> Exercise
Your answer must be an exact copy of the entries, containing no images.

> Records for this task
- Opening Delimiter -
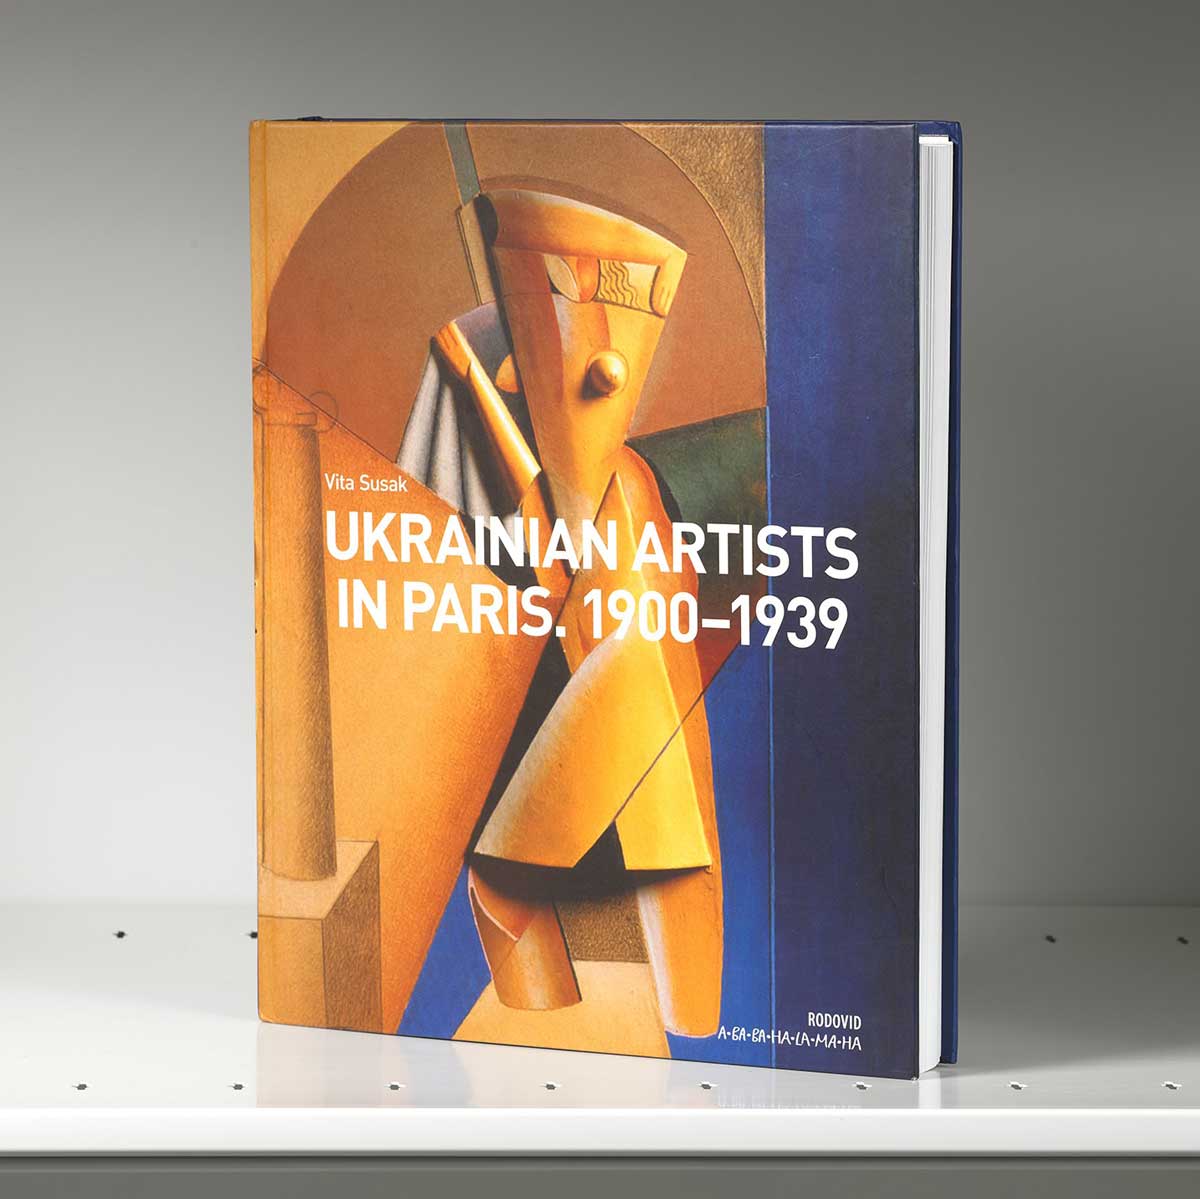 Book on a shelf whose cover featured an abstract yellow Cubist figure
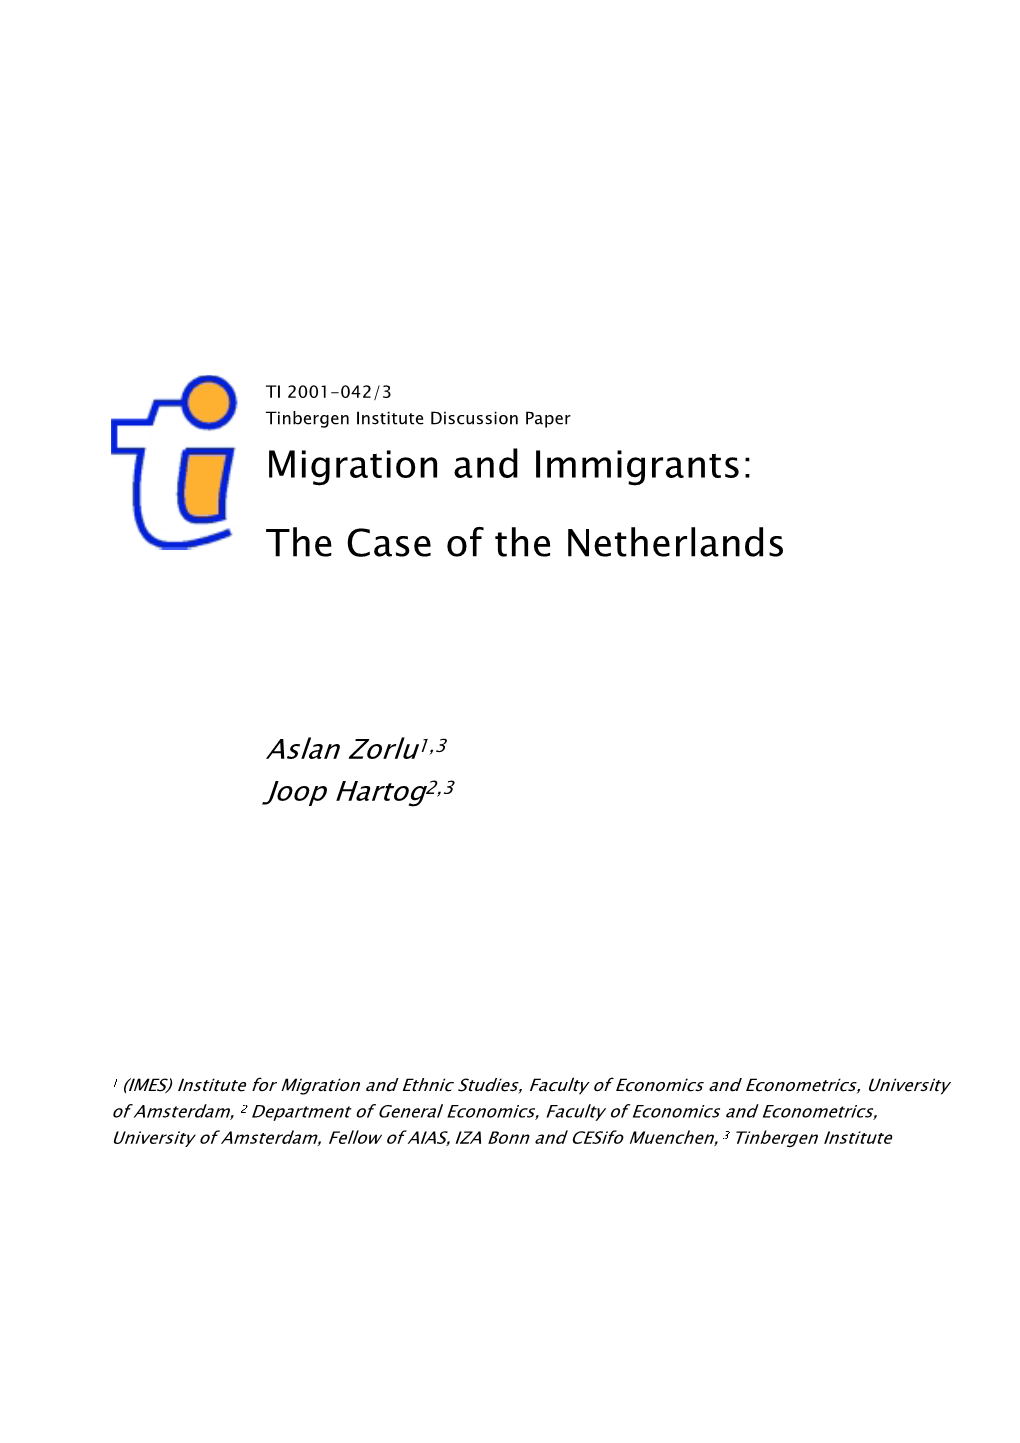 Migration and Immigrants: the Case of the Netherlands
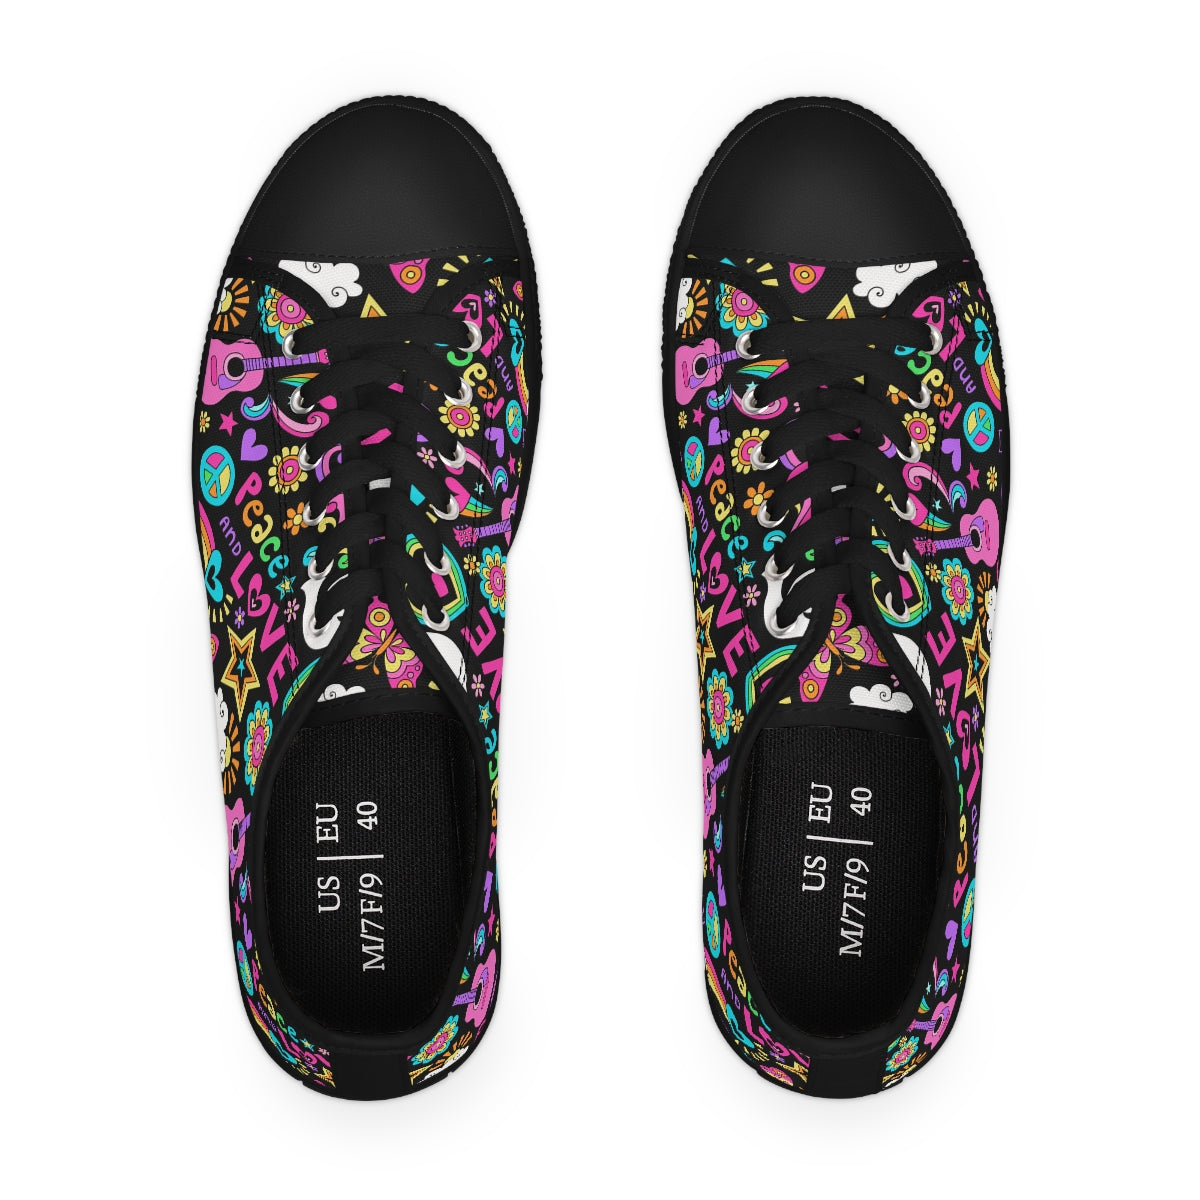 Peace Love Print - Women's Low Top Sneakers ( Black or White Sole )
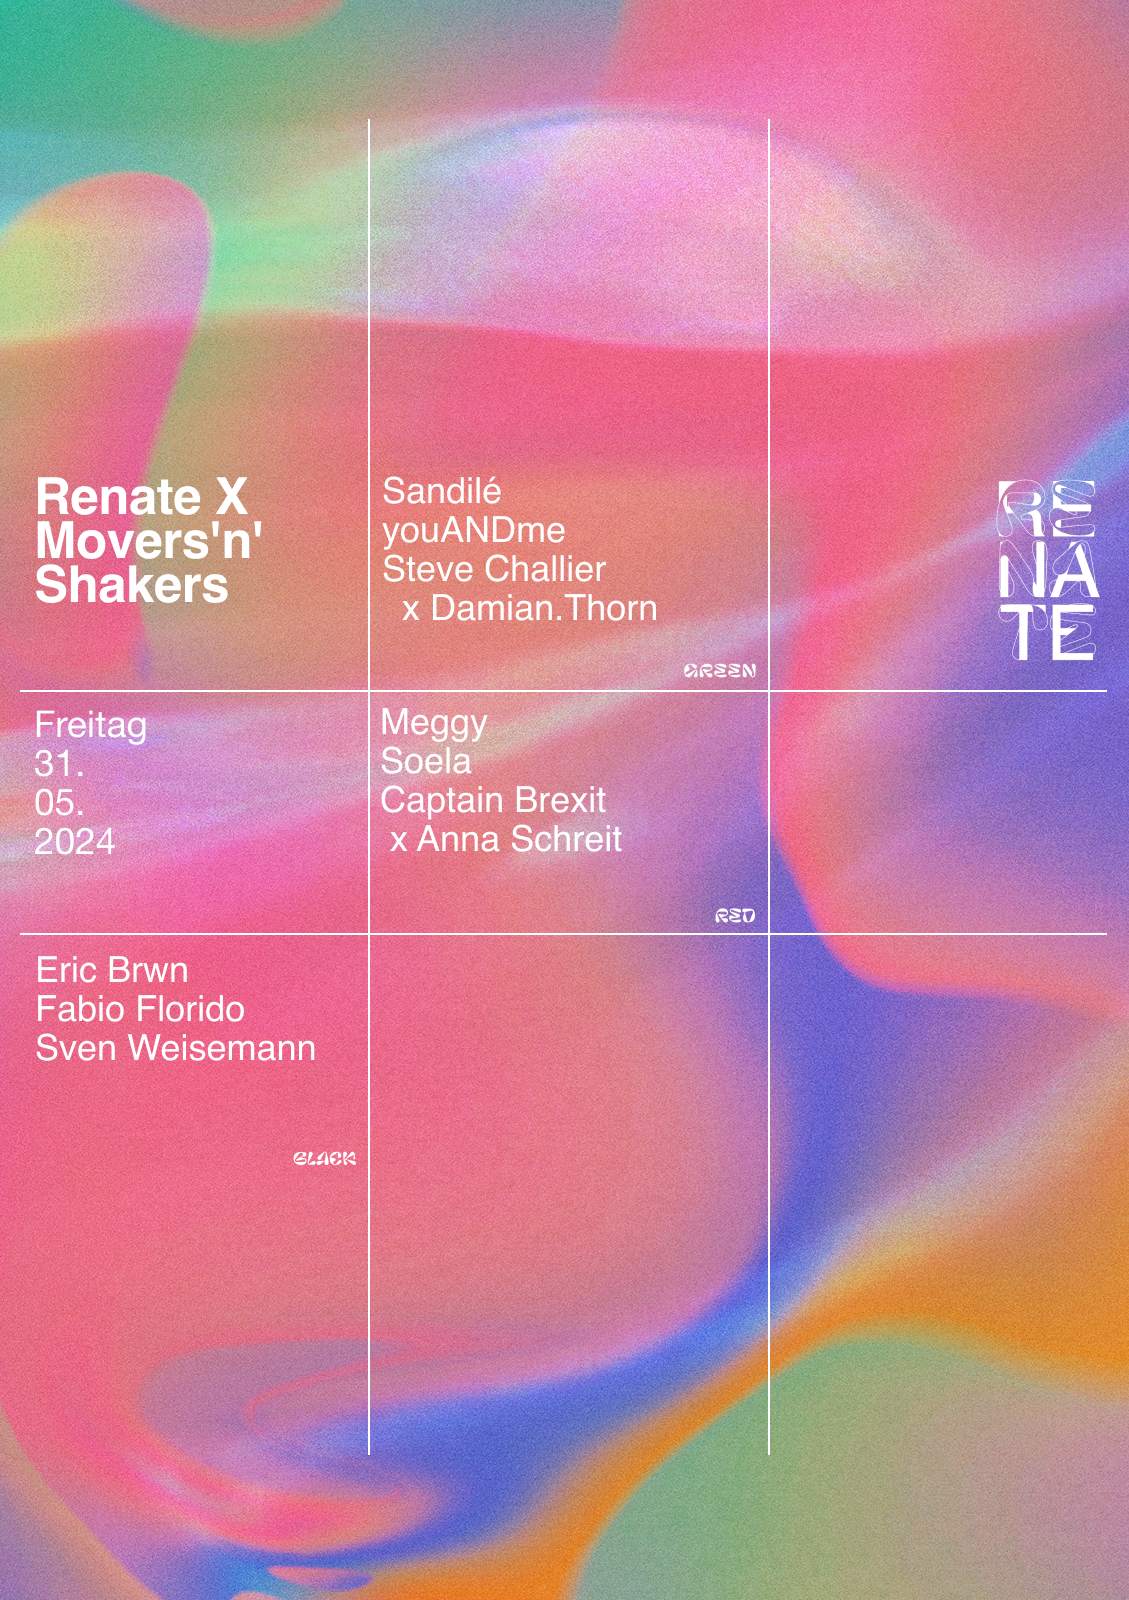  Renate X Movers'n'Shakers - フライヤー表
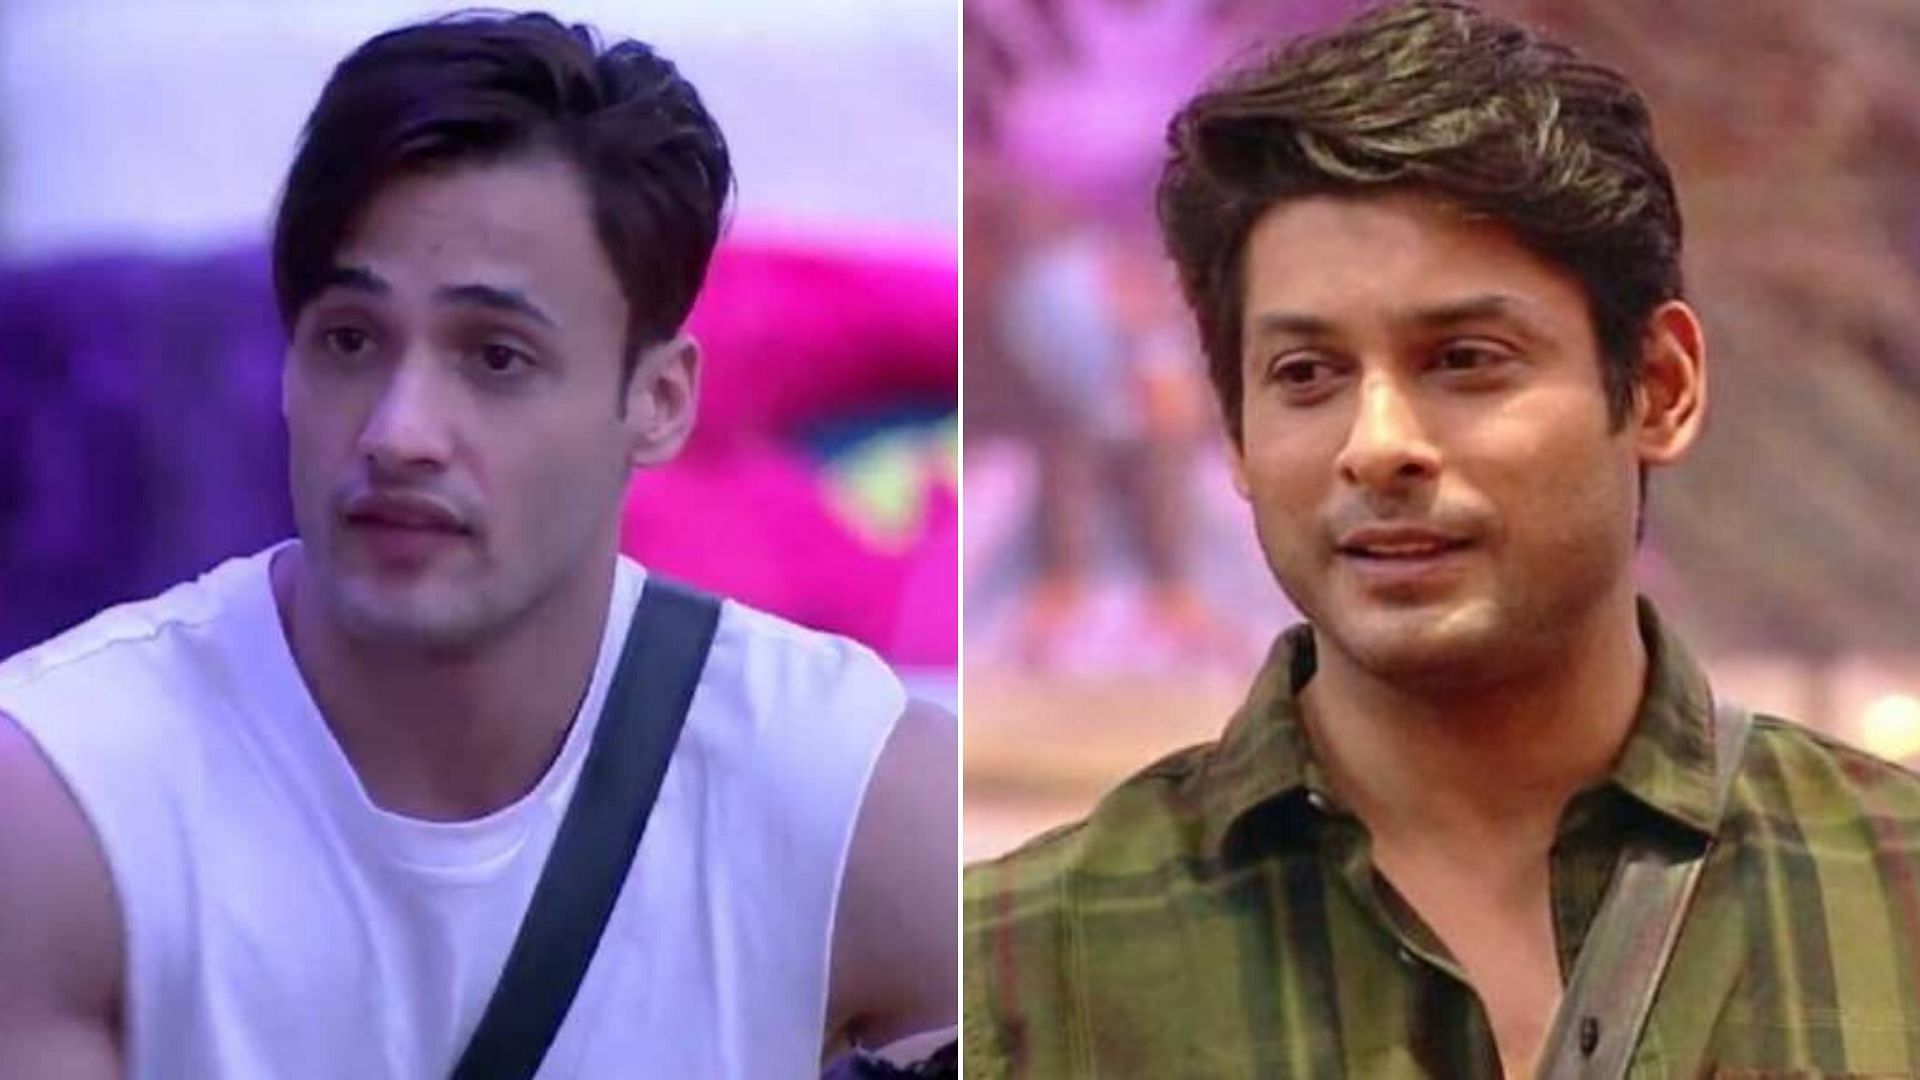 Asim Riaz to face questions on Sidharth Shukla in the latest <i>Bigg Boss 13 </i>episode.
- Closing Delimiter -
> Answer below
 Book on a shelf whose cover featured an abstract yellow Cubist figure
 Migration and Immigrants: the Case of the Netherlands
 Peace Love Print - Women's Low Top Sneakers ( Black or White Sole )
  Renate X Movers'n'Shakers - フライヤー表
 Asim Riaz to face questions on Sidharth Shukla in the latest <i>Bigg Boss 13 </i>episode.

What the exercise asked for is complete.